Add inference for SWT-Bench (with CI)
- [ ] This change is worth documenting at https://docs.all-hands.dev/
- [x] Include this change in the Release Notes. If checked, you must provide an end-user friendly description for your change below
End-user friendly description of the problem this fixes or functionality that this introduces. This adds the inference step for the SWT-Bench benchmark of OpenHands, with and without CI setup, as evaluated on https://swtbench.com.

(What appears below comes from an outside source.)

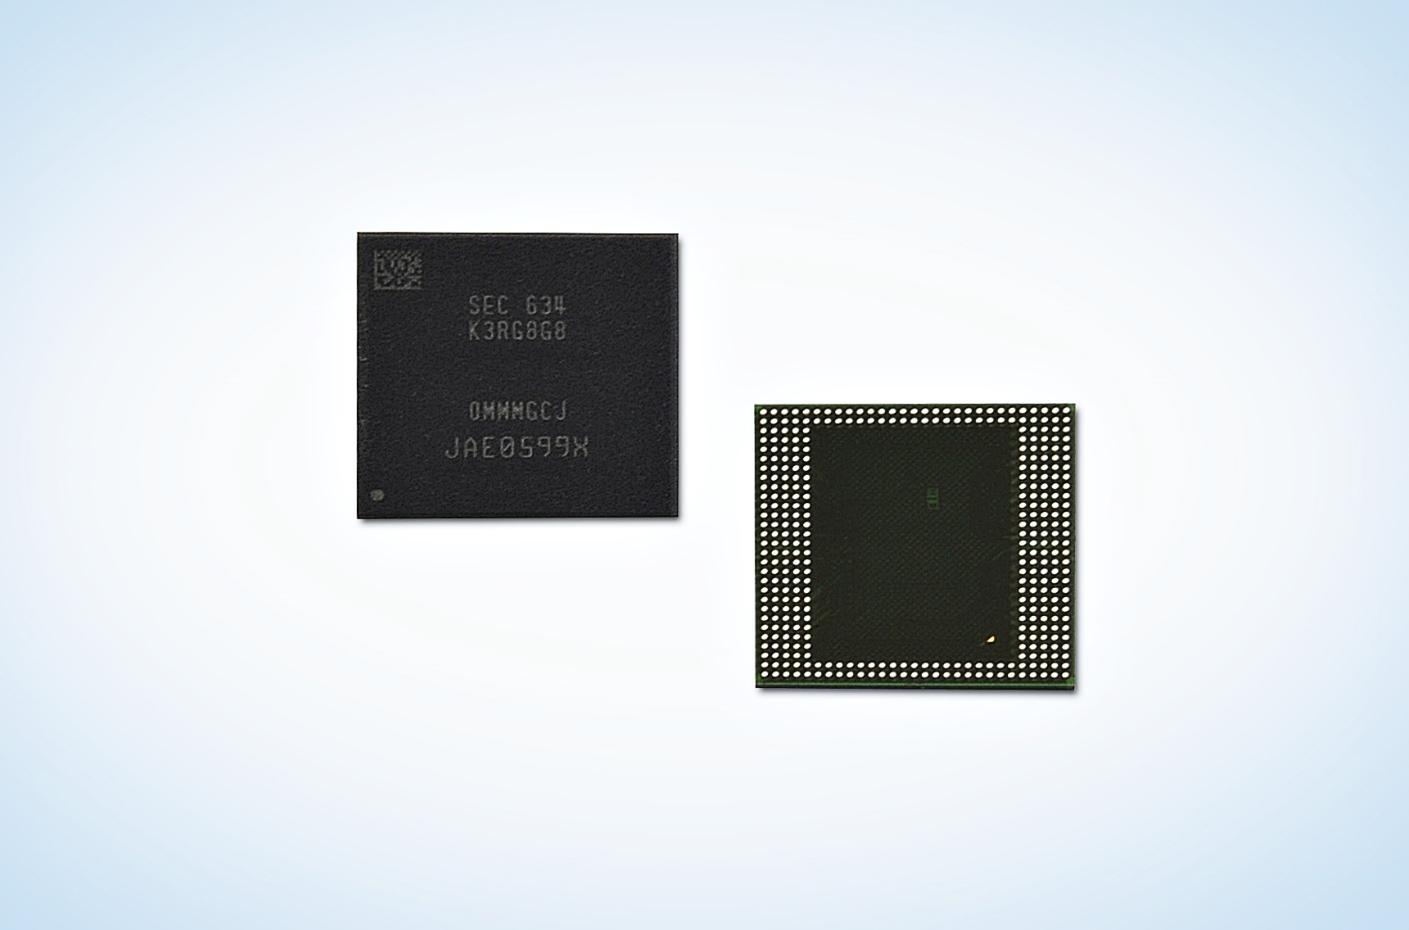 Samsung débute la production de puces LPDDR4 de 8 Go

Give a summary of what the PR does, explaining any non-trivial design decisions. The PR adds an instruction to the SWE-Bench setup that allows running inference for the SWT-Bench setting. Moreover it adds setup scripts and test commands specific to individual SWE-Bench instances to aid the agent in correctly running the test suite of the respective instances.
These changes can be controlled via the new mode argument to the inference script.
Link of any specific issues this addresses. https://x.com/allhands_ai/status/1899546055143723142 ;)
Note that this does not touch the evaluation script for swe-bench. The generated diffs were simply extracted using this script (https://github.com/nielstron/OpenHands/blob/main/extract_predictions.py) and executed using the swt-bench evaluation harness, like this
python -m src.main \
--dataset_name princeton-nlp/SWE-bench_Lite \
--predictions_path inference_output/openhands_lite.jsonl \
--max_workers 12 \
--run_id openhands_lite --patch_types vanilla --build_mode api
Moreover I have not added any documentation yet to the main README in the evaluation directory.
Any comments on how to proceed are appreciated. I will likely not have time to adapt the evaluation script for swt-bench.
@xingyaoww Any thoughts on moving the SWE-gym control flow to the mode mechanism used here?
@csmith49 good idea! we should probably do that after this PR gets merged
@nielstron will you be looking at addressing the comments?
I planned to address the comments but was rather busy the last weeks. I can take a look tomorrow!
I added the suggested documentation to the README and the MODE parameter to run_infer. I will check how this change affects run_eval shortly.
I noticed that outputs.jsonl contains diffs in which .strip() was applied (in this line). This stripping is not due to my PR and breaks some generated diffs (due to mismatching hunk length) - it might be worth looking into.
@juanmichelini I was able to reproduce the error you reported... also on the main branch. I think the issue is that the script tries to proceed to report results even if the overall eval script failed.
I was able to produce a correct eval on this branch by specifying the instance id and dataset to evaluate:
./evaluation/benchmarks/swe_bench/scripts/eval_infer.sh evaluation/evaluation_outputs/outputs/princeton-nlp__SWE-bench_Verified-test/CodeActAgent/gpt-4o-2024-11-20_maxiter_100_N_v0.31.0-no-hint-run_1/output.jsonl "scikit-learn__scikit-learn-13439" princeton-nlp/SWE-bench_Verified
@csmith49 thanks for the comments, I have incorporated them as suggested!